As I said I don't want to lose the features of metadata, they are terrific, it's just the storage mechanism. And the principal reason I don't like that, is because I'm trying to use a wiki for something it wasn't designed for - as a database.

Reflecting on the discussion above, what I really want is the recognition that data and meta-data are different. If the Store module knew about metadata I could always plug in an alternative implementation that uses a mysqldb or whatever, without breaking the default "embedded" implementation. The current API is struggling in that direction already.

-- CrawfordCurrie - 27 Jan 2003

I just reamemberd one reason why i like metadata where is it, and haven't figured out a good way to do it in a dba.... versioning!!! the current flat file metadata format is a versioned database that copes reaonambly with schema changes. If we provide a script that goes through the pages fixing them up is the template changes, we then have a versioned database with on the fly schema transformation.

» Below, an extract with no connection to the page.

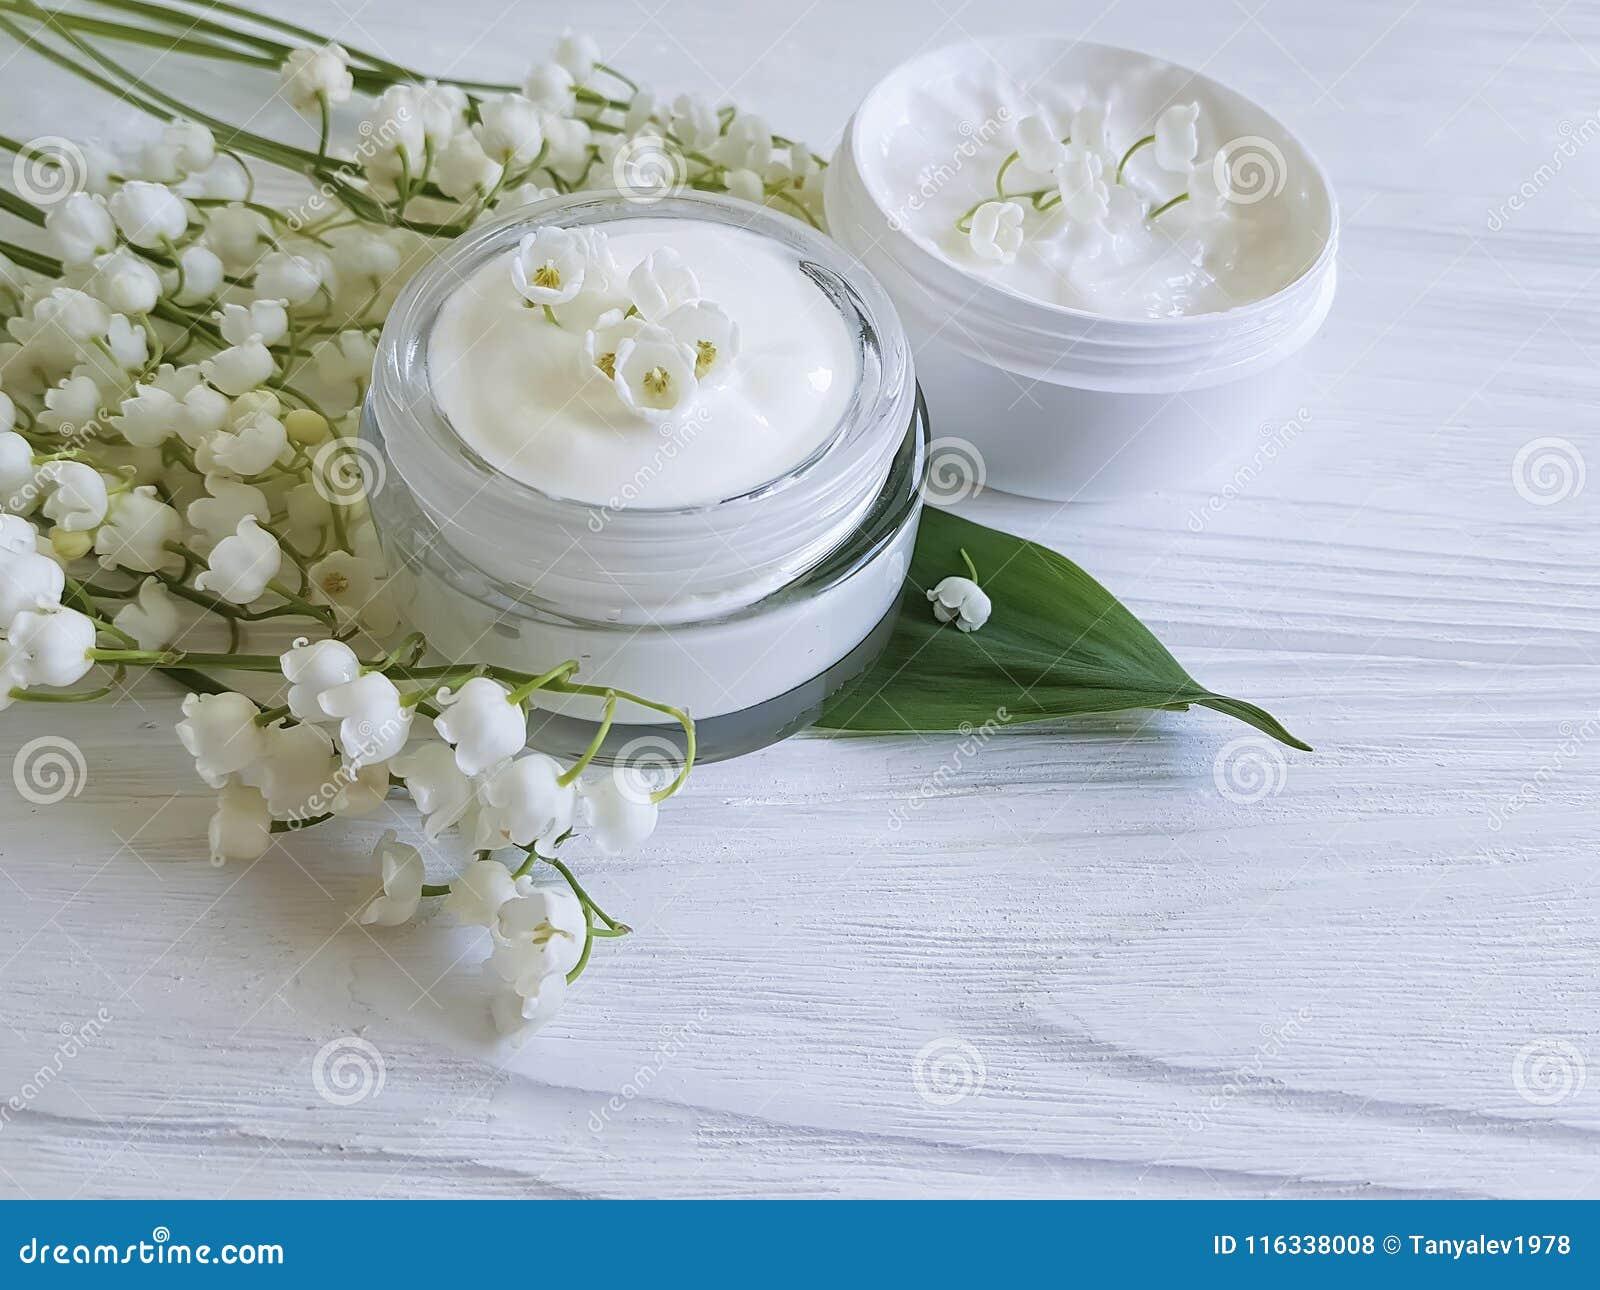 Aromatische rustikale Schönheit der kosmetischen Maiglöckchenentspannungs-Sahnesalbe auf einem weißen hölzernen Hintergrund

-- SvenDowideit - 27 Jan 2003

( moved comment from AntonAylward to PerlDBI topic and my last post. -- GrantBow - 03 Feb 2003 )

I apologize for jumping to in incorrect conclusion about the purpose of this topic.

I agree that data and meta data are distinct. There need to be better ways to handle the two types of data. I feel that NOT versioning meta data would be tricky and remove the simplicity from the current KISS implementation. There may be very good reasons to do this, but they need to be clearly outlined. The UI design might be especially tricky.

A new meta data storage implementation could be wonderful depending on how you implement it. I am confident that good ways can be found to address whatever issues arise.

I recommend that the first step in implementing a better meta data storage would ideally be to add hooks for expansion. Perhaps MetaDataHooks or maybe MetaDataAPI might be good new topics to begin to work out the implementation requirements. This would allow new meta data storage implementations while at the same time allowing the possibility of leaving the default method in place. Updating the API seems the best way to go.

Crawford and others, what are the most relevant and important topics that already exist that relate to metadata API changes and/or performance?

-- GrantBow - 03 Feb 2003

I also apologise. I was taking a more abstract view of metadata ....

There's data, metadata, yes and .... well .... metadata-of-another-color. Perhaps this is why my PerlDBI comment was not appropriate here. I was refering to that "wasabi-metatdata" (wasabi being horseradish of a different color).

Lets look at the categories here.

DATA: What the user sees when browsing the wiki.
METADATA: Keeping track of how the data got to be what it is and all the data that isn't simple, linear text, such as attachments and forms.

I'm tempted to call that structural metadata. Comments?

Wasabi-Metadata: Things the user doesn't see that affect the operation of Twiki. The one I'm primarily concerned with is access control, which certainly should be no more visible to the user when editing text than the other metatdata, but whose functionality is completely seperate.

While on this issue of othrogonality, I would venture that revusion-control-metadata is orthogonal from other-than-linear-text metadata. In one sense we have that right at the moment with a mechanism for forms and attachements and a mechanism (RCS) for revision control.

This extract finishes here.